> Problem description
Could the data below be copied exactly, minus the pictures?

═════ Information shown ═════

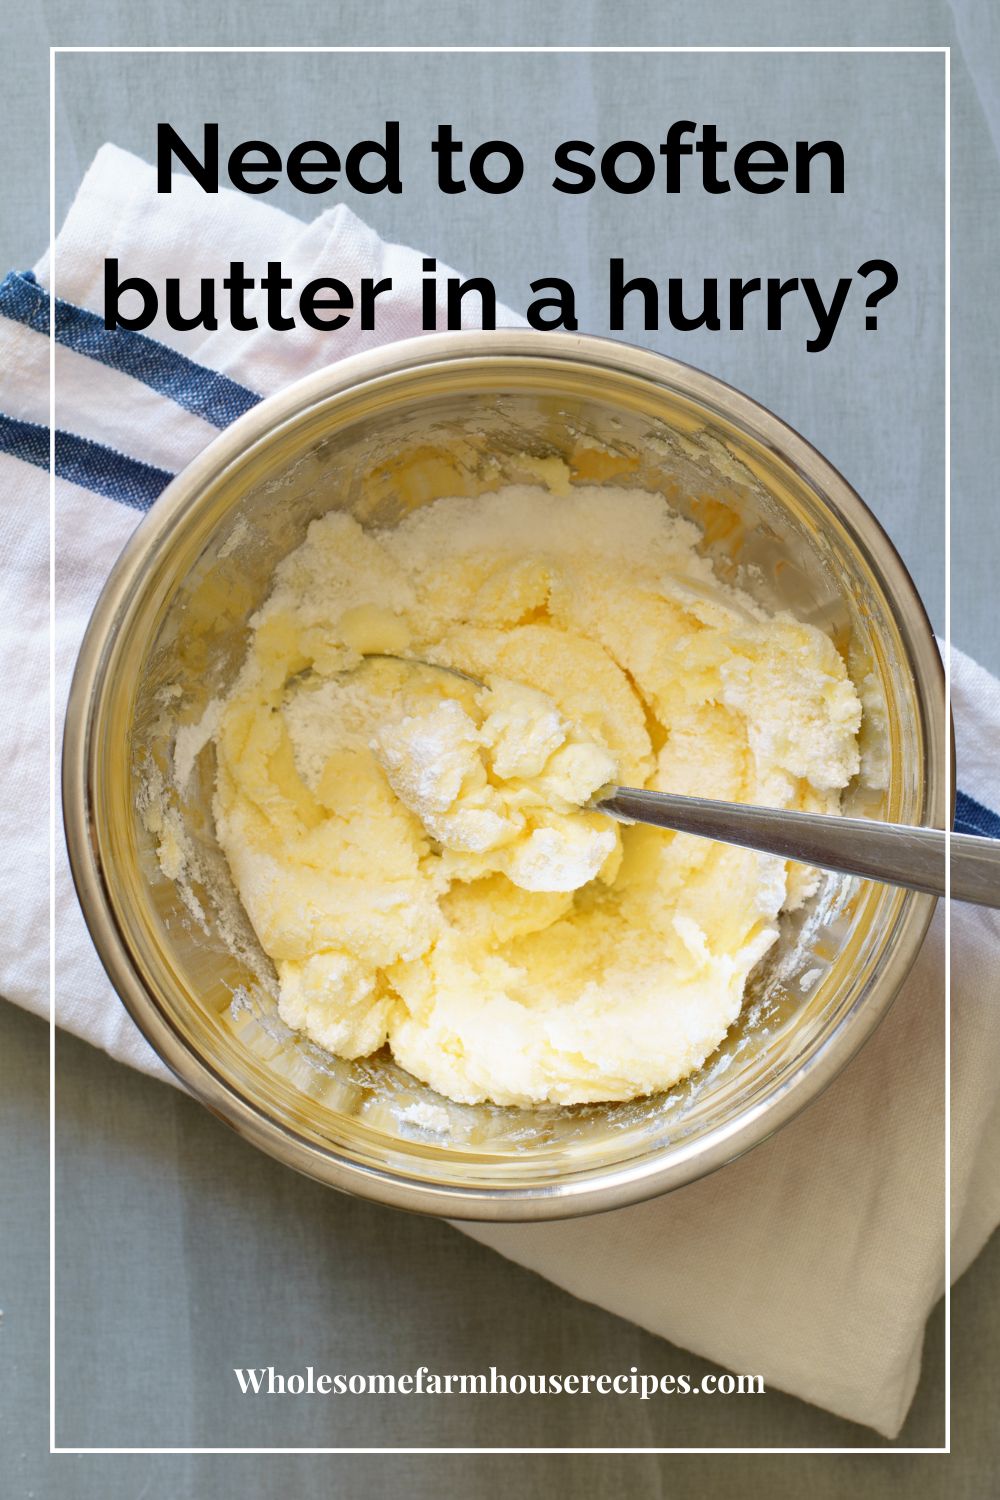 Need to soften butter in a hurry
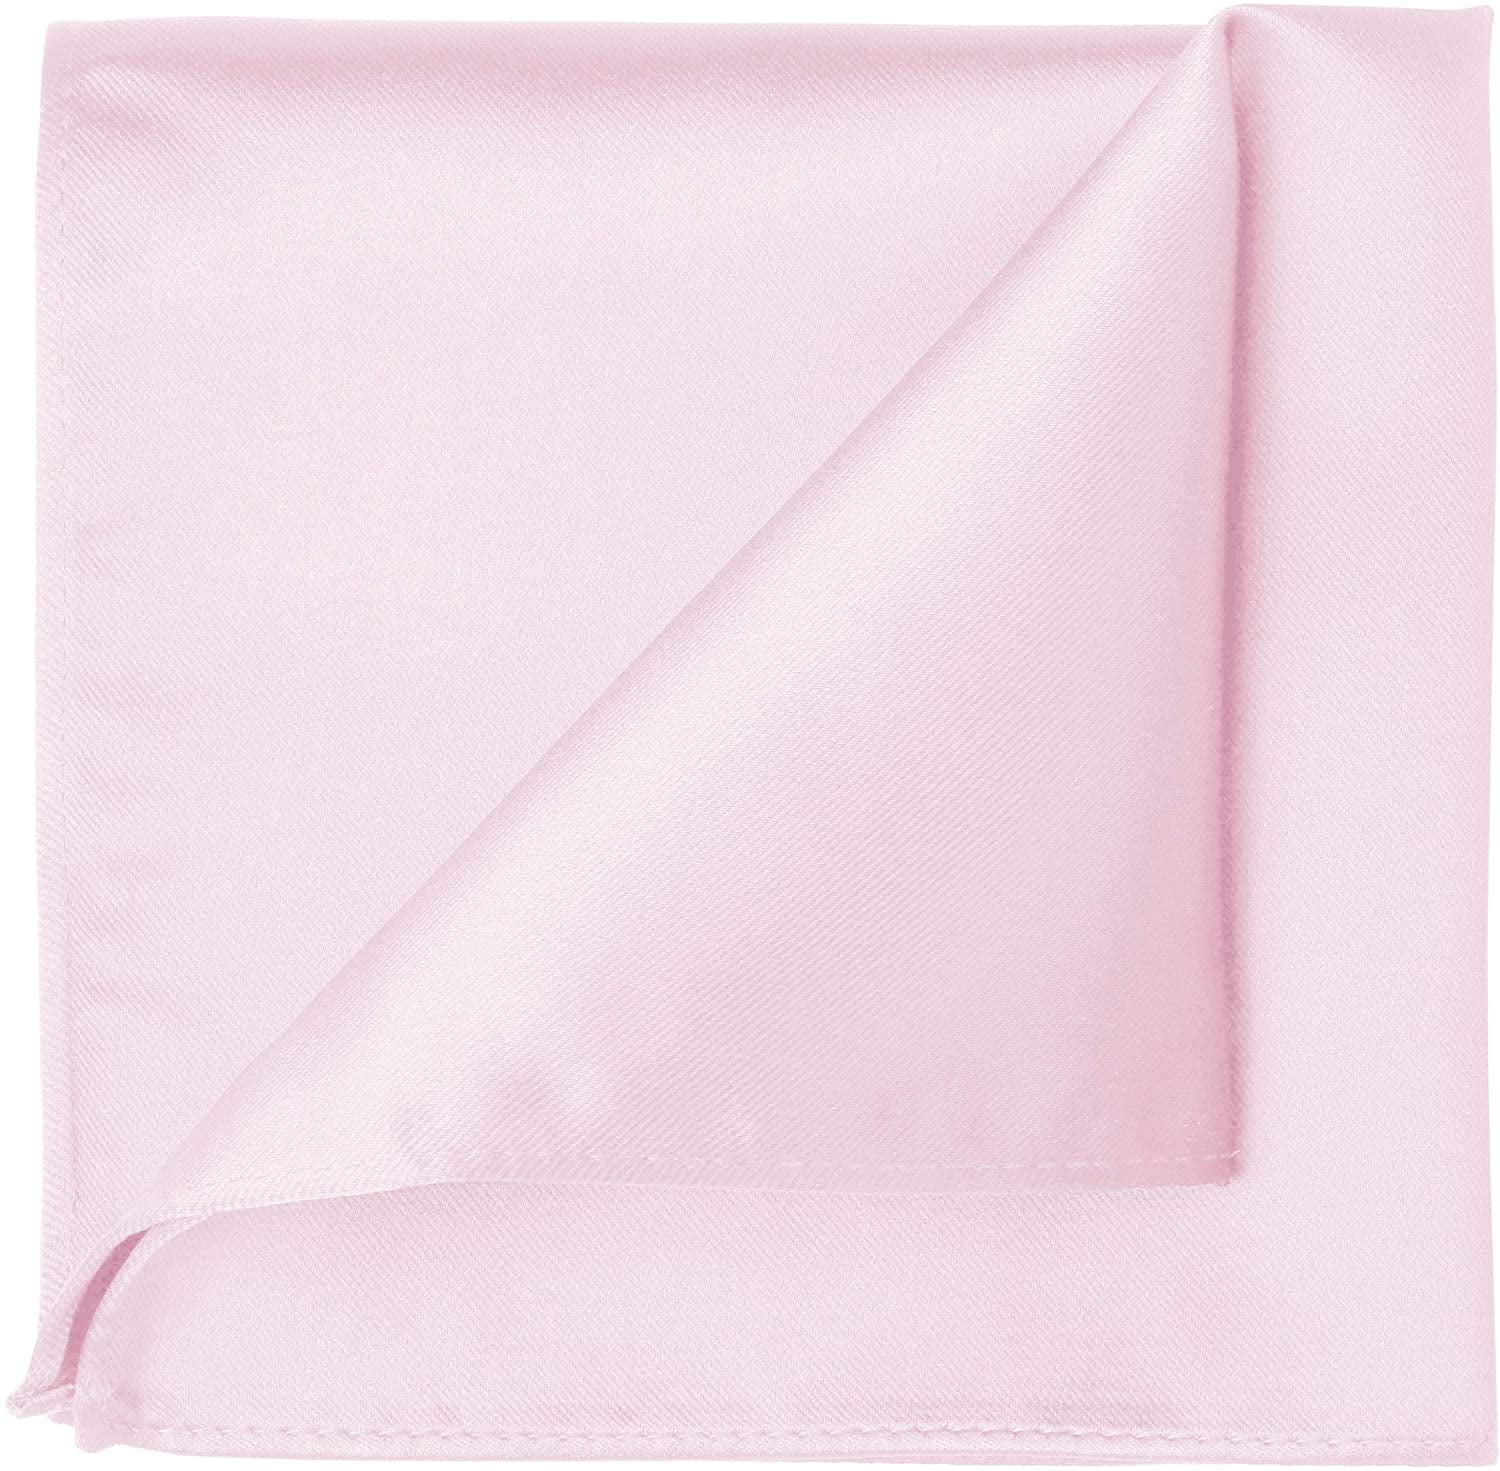 Handkerchief Square for Weddings All Colours Smart Fashionable Satin Hanky 
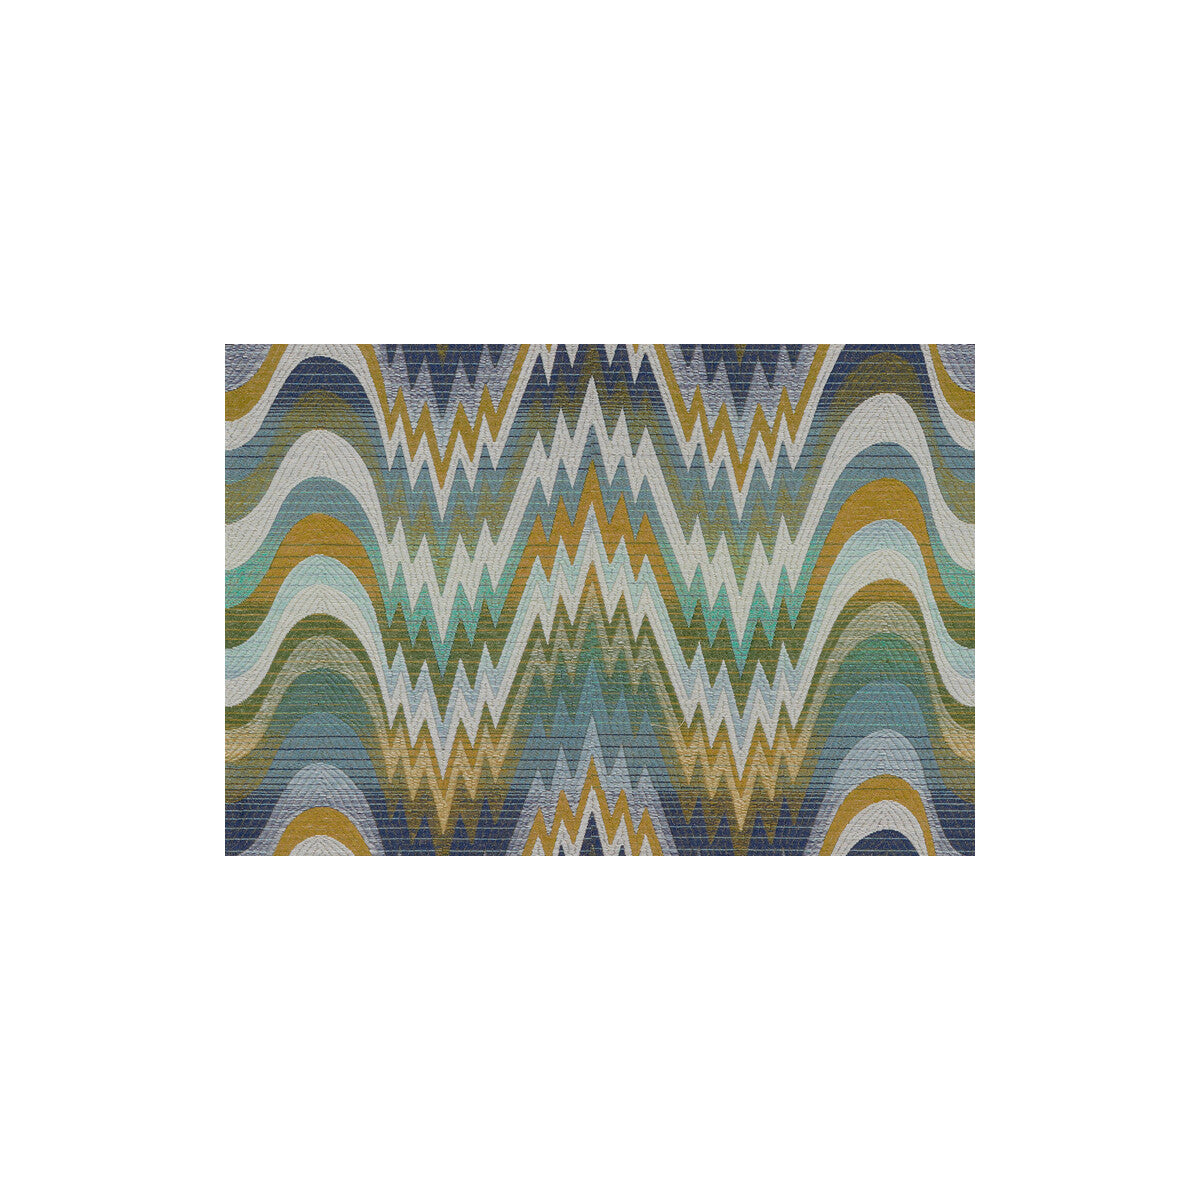 Acid Palm fabric in surf color - pattern 32503.35.0 - by Kravet Design in the Jonathan Adler Utopia collection

═════

> Exercise output
 Need to soften butter in a hurry
 Handkerchief Square for Weddings All Colours Smart Fashionable Satin Hanky 
 Acid Palm fabric in surf color - pattern 32503.35.0 - by Kravet Design in the Jonathan Adler Utopia collection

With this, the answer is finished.